Ketika Drainase Gravitasi Tak Lagi Berfungsi

Sumber:Suara Merdeka - 11 Mei 2006
Kategori:Drainase
Hujan dua jam saja, Jalan Raya Kaligawe banjir. Jalan cepat rusak dan lalu lintas pun macet. Mengapa Jalan Raya Kaligawe dan sekitarnya sering dilanda banjir? Berikut laporan wartawan Suara Merdeka Hartono, mengenai problematik drainase di daerah bekas rawa tersebut, secara berseri mulai hari ini.

KEMACETAN lalu lintas merupakan problem klasik di Jalan Raya Kaligawe.

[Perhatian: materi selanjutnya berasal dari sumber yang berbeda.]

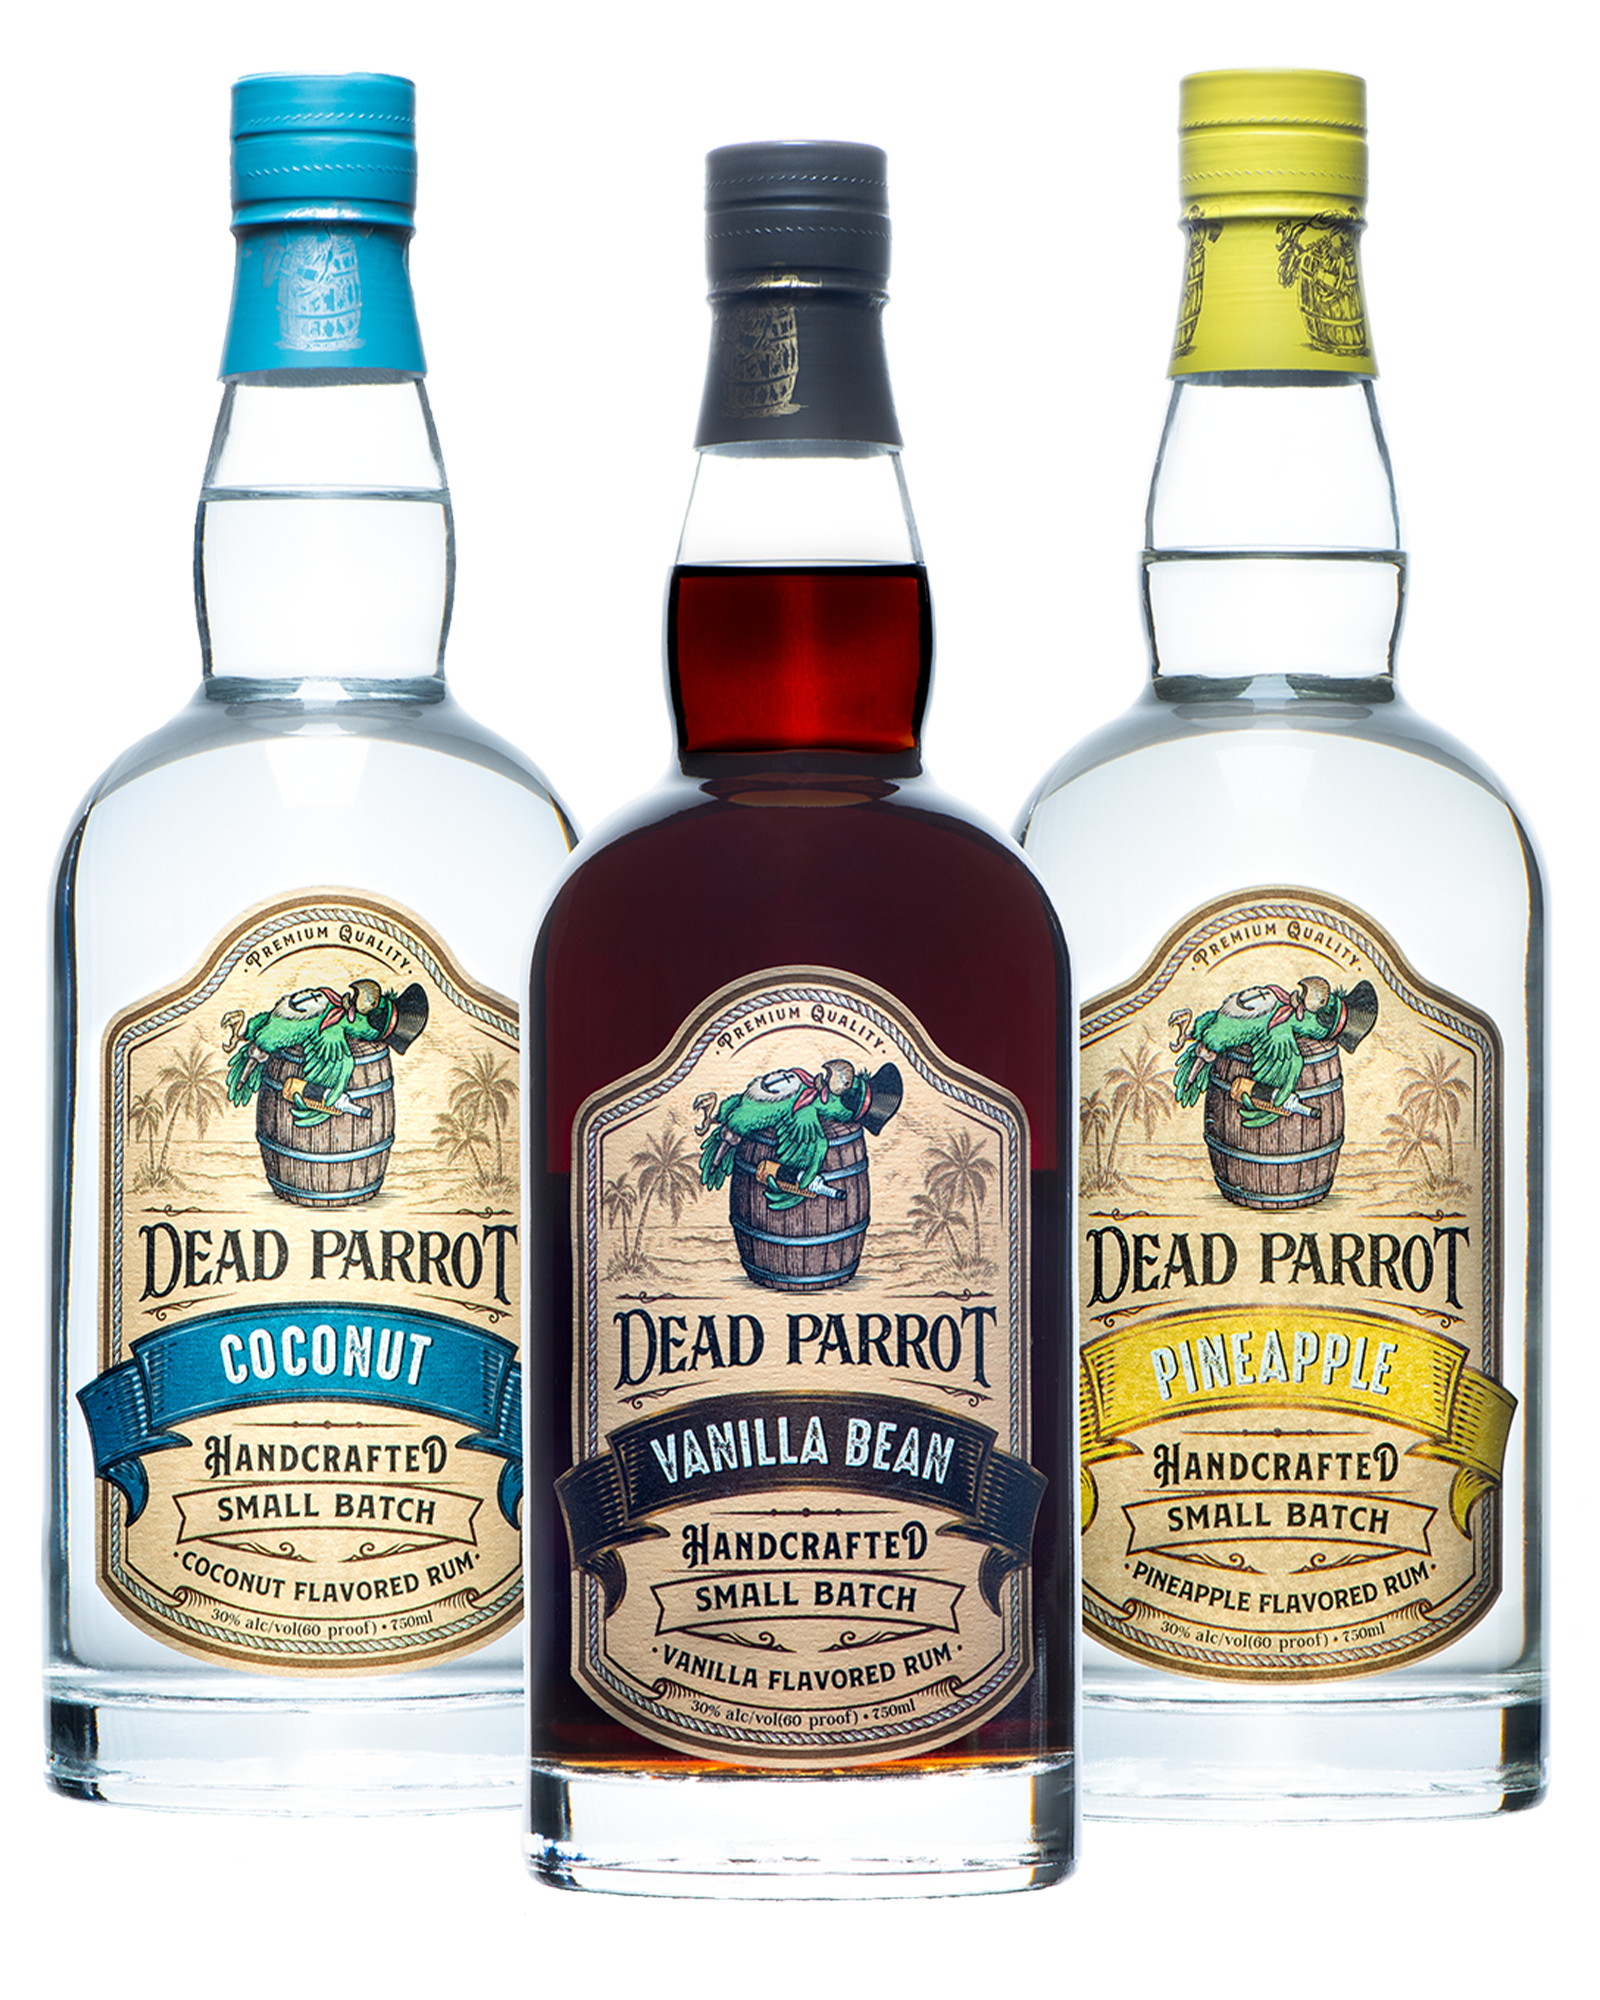 Dead Parrot Coconut Rum, Vanilla Bean Rum, and Pineapple Rum bottles

Namun, penyebabnya bukanlah faktor pengaturan arus lalu lintas atau padatnya kendaraan yang melalui kawasan tersebut.

Kemacetan di jalan masuk utama Kota Semarang dari arah Demak itu sesungguhnya merupakan dampak dari rusaknya sistem drainase di Kaligawe dan sekitarnya.

Kawasan di sepanjang jalan Daendeles itu, yang meliputi wilayah Kecamatan Gayamsari dan Genuk, merupakan kawasan padat dengan kegiatan industri dan permukiman. Selain itu, terdapat terminal angkutan bus antarkota, sekolah, perguruan tinggi, dan rumah sakit. Ini artinya, bangunan di kawasan bekas rawa itu cukup padat. Namun sayang, perubahan tata guna lahan yang revolusioner itu tidak dibarengi dengan pembangunan sistem drainase yang terintegrasi.

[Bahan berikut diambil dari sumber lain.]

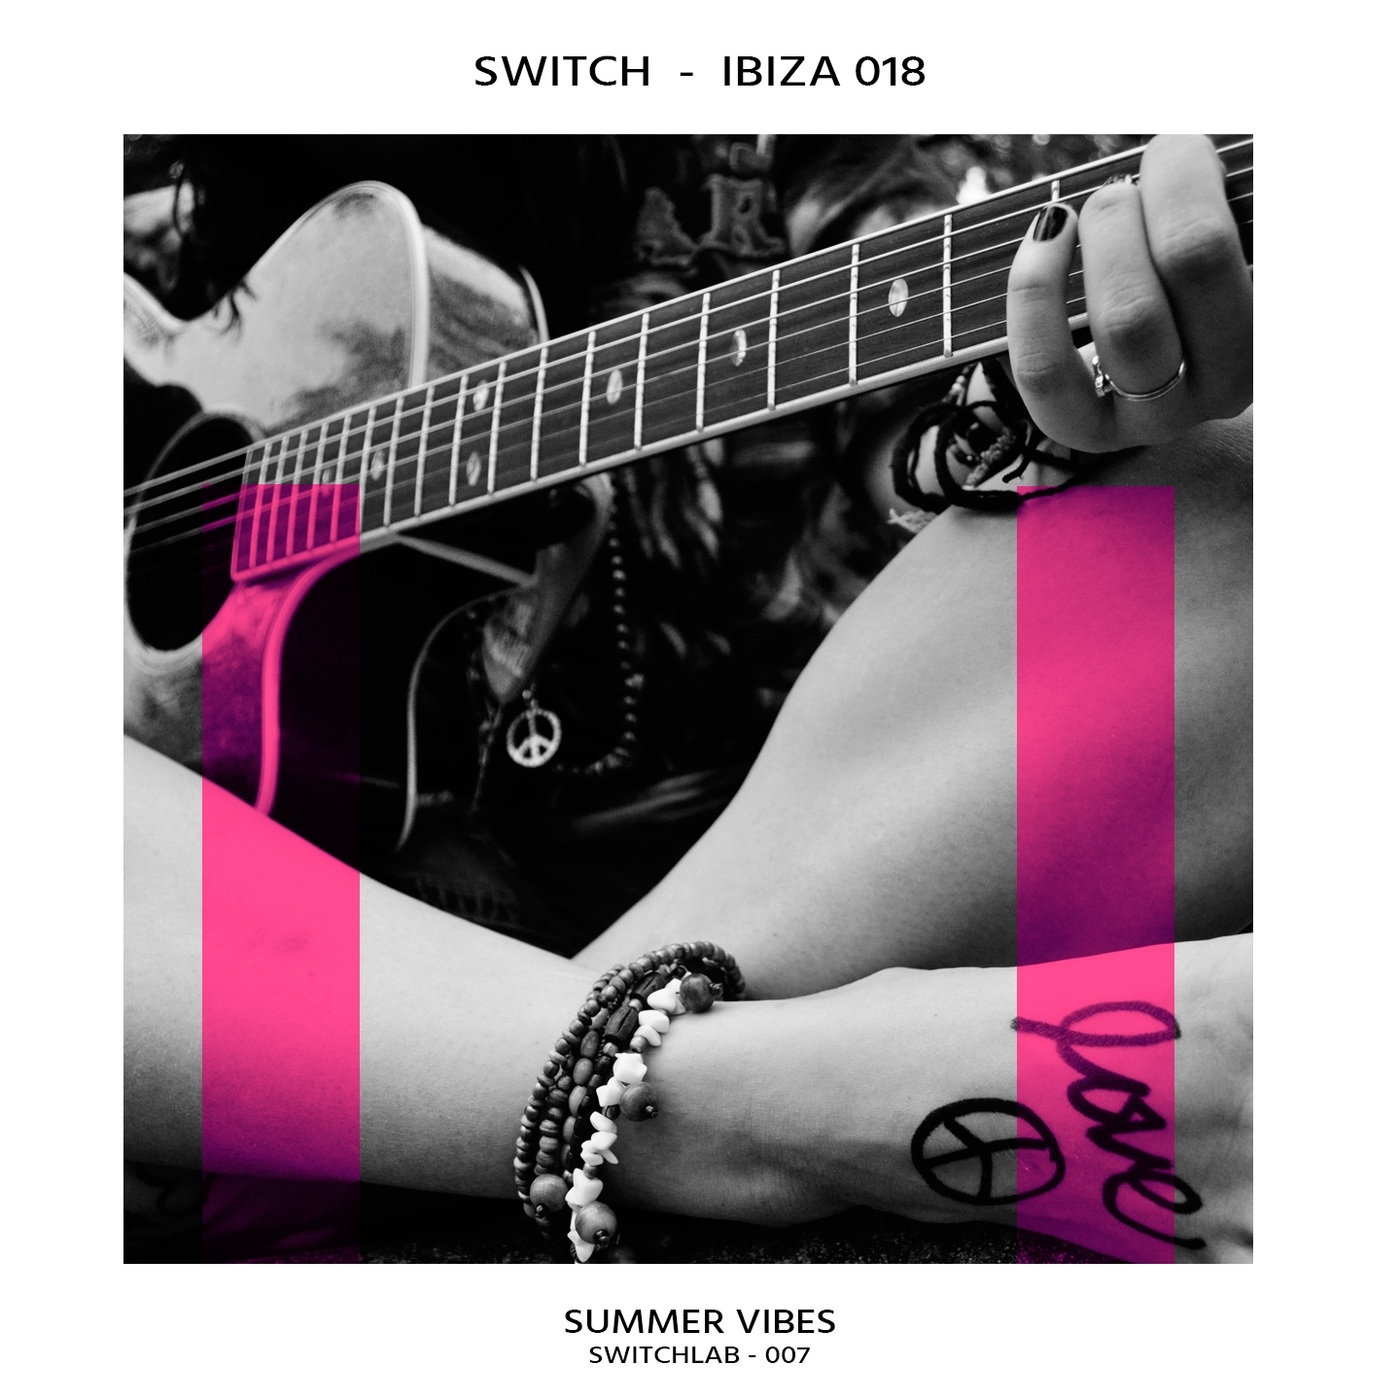 VA - Switch (Ibiza 018) / Switchlab

Prinsip gravitasi memang ''ditaati'' para pengembang di kawasan tersebut. Namun, rupanya hal itu untuk kepentingan mereka sendiri. Buktinya, kawasan yang dibangun belakangan selalu lebih tinggi dari yang sebelumnya. Tiap kawasan juga membangun drainase, tetapi fungsinya hanya memindahkan genangan ke tempat lain.

Siapa yang harus dipersalahkan jika jalan-jalan di Lingkungan Industri Kecil (LIK) Bugangan Baru kini selalu tergenang?

Pengelola kawasan industri yang dibangun awal 1980 itu kini dihadapkan pada sebuah dilema. Jika mereka meninggikan jalan, tempat kegiatan usaha bakal terendam. Jika jalan tidak ditinggikan, akan cepat rusak dan akibatnya mengganggu mobilitas pekerja dan angkutan barang.

Problem lain yang dihadapi adalah tingginya tingkat sedimentasi saluran di kawasan tersebut serta suburnya eceng gondok. Angka penurunan tanah mencapai lebih dari 10 cm per tahun. Ini berdasarkan hasil penelitian Subdirektorat Geologi Teknik Seksi Evaluasi Geologi Teknik.

Kiriman Air

Maka, 30 tahun setelah pembangunan besar-besaran kawasan industri di daerah bekas wilayah Kabupaten Demak itu, drainase dengan sistem gravitasi tak lagi berfungsi. Air hujan sangat lambat mencapai laut. Sebaliknya, air laut pasang atau rob justru lebih cepat masuk ke darat. Karena itu, tak ada pilihan lain kecuali mengombinasikan sistem drainase gravitasi dengan sistem pompa dan polder.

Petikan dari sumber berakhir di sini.